Nowadays women and children read lectures about ecclesiastical law to the oldest and most experienced of men whereas the first of Plato’s laws forbids them to inquire even into the reason for merely civil ones, which must be regarded as divine ordinances; he allowed only the older men to discuss laws among themselves and with the Magistrate – adding, ‘provided that it is not done in the presence of the young and the uninitiated’.16
A bishop has testified in writing17 that there is, at the other end of the world, an island which the Ancients called Dioscorides, fertile and favoured with all sorts of fruits and trees and a healthy air; the inhabitants are Christian, having Churches and altars which are adorned with no other images but crosses; they scrupulously observe feast-days and fasts, pay their tithes meticulously and are so chaste that no man ever lies with more than one woman for the whole of his life; meanwhile, so happy with their lot that, in the middle of the ocean, they know nothing about ships, and so simple that they do not understand a single word of the religion which they so meticulously observe – something only unbelievable to those who do not know that pagans, devout worshippers of idols, know nothing about their gods apart from their statues and their names.
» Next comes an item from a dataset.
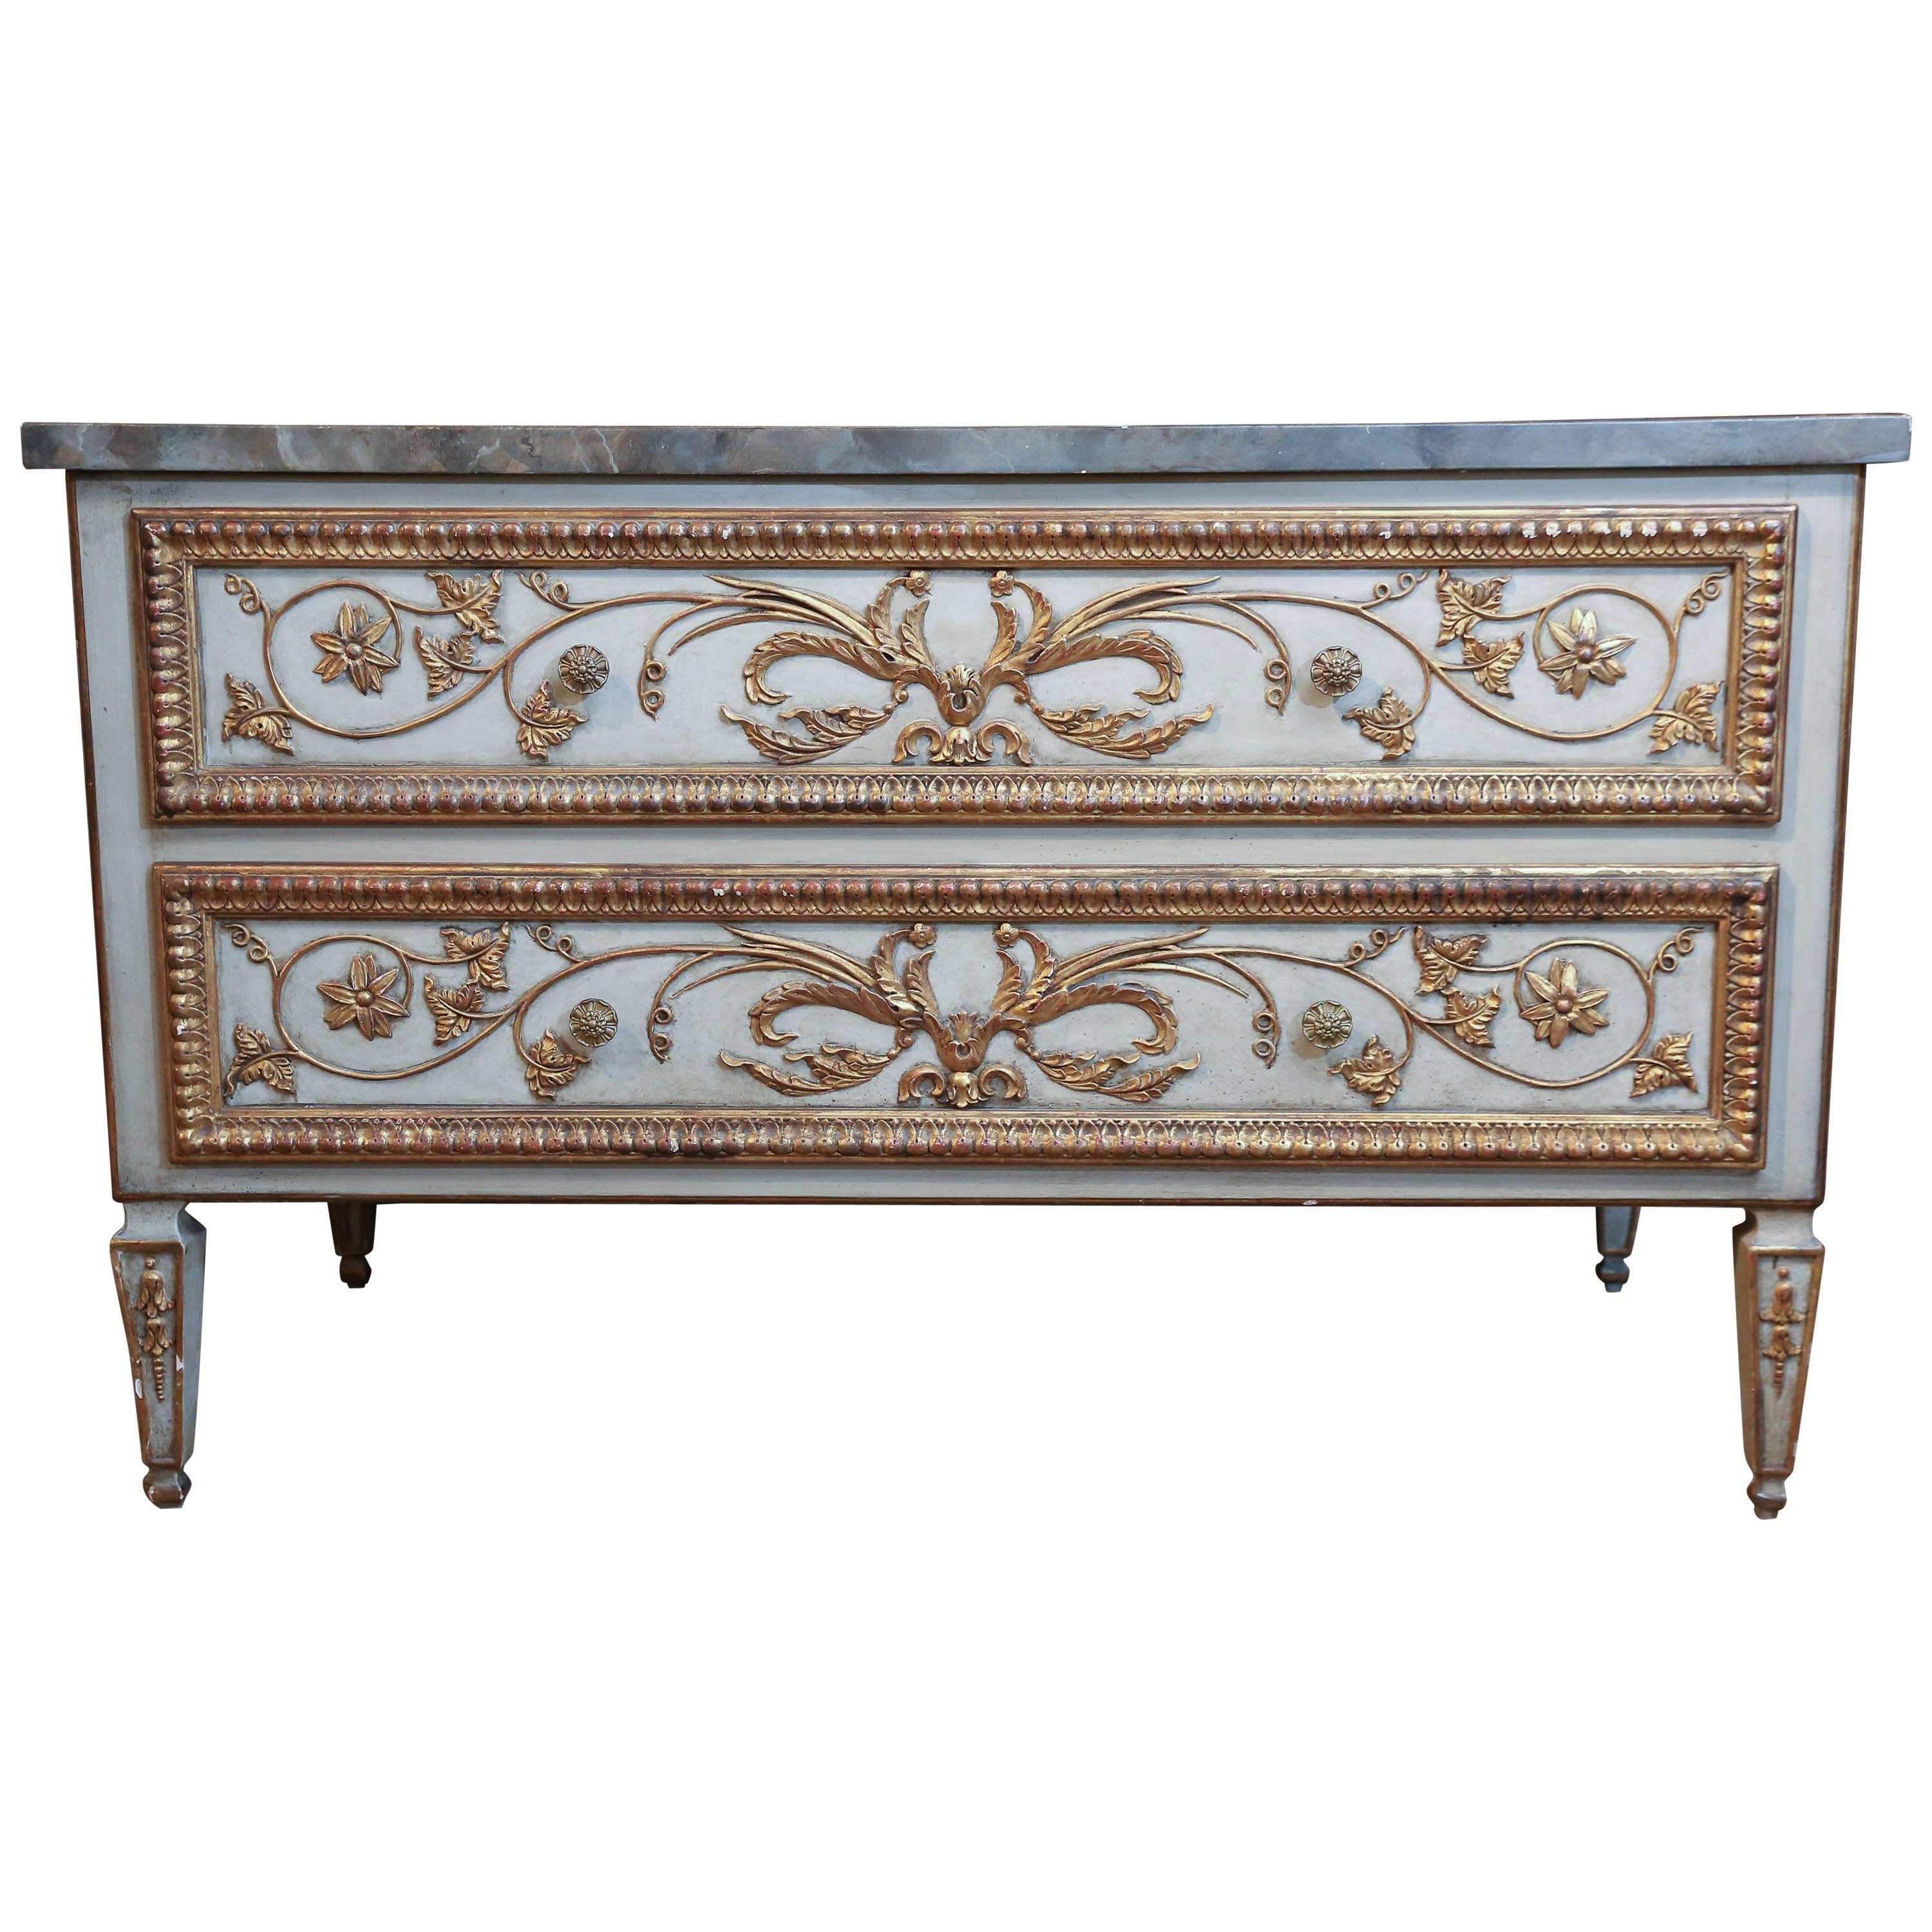 Louis XVI-Style Polychrome and Faux Marbre Commode, 19th Century

The original beginning of Euripides’ tragedy Menalippus went like this:
O Juppiter, car de toy rien sinon
Je ne connois seulement que le nom…
[O Juppiter – for I know nothing nothing of thee but thy Name…]18
[B] I have also seen in my time criticisms laid against some books for dealing exclusively with the humanities or philosophy without any admixture of Theology. The opposite case would not be totally indefensible, namely: that Christian Doctrine holds her rank better when set apart, as Queen and Governor; that she should be first throughout, never ancillary nor subsidiary; that Grammar, Rhetoric and Logic should [C] perhaps [B] choose their examples from elsewhere not from such sacred materials, as also should the subjects of plays for the theatre, farces and public spectacles; that Divinity is regarded with more veneration and reverence when expounded on its own style rather than when linked to human reasoning; that the more frequent fault is to see Theologians writing like humanists rather than humanists like Theologians (Philosophy, says St Chrysostom, has long been banished from the School of Divinity as a useless servant judged unworthy of glimpsing, even from the doorway when simply passing by, the sanctuary of the holy treasures of sacred doctrine); that the language of men has its own less elevated forms and must not make use of the dignity, majesty and authority of the language of God. I myself let it say – [C] verbis indisciplinatis [using undisciplined words] – [B] fortune, destiny, accident, good luck, bad luck, the gods and similar phrases, following its own fashion.19
[C] I am offering my own human thoughts as human thoughts to be considered on their own, not as things established by God’s ordinance, incapable of being doubted or challenged; they are matters of opinion not matters of faith: what I reason out secundum me, not what I believe secundum Deum20 – like schoolboys reading out their essays, not teaching but teachable, in a lay not a clerical manner but always deeply devout.
[B] And might it not be said, apparently reasonably, that a decree forbidding anyone to write about religion (except very reservedly) unless expressly professing to do so would not lack some image of usefulness and justice – as perhaps would one requiring me too to hold my peace on the subject?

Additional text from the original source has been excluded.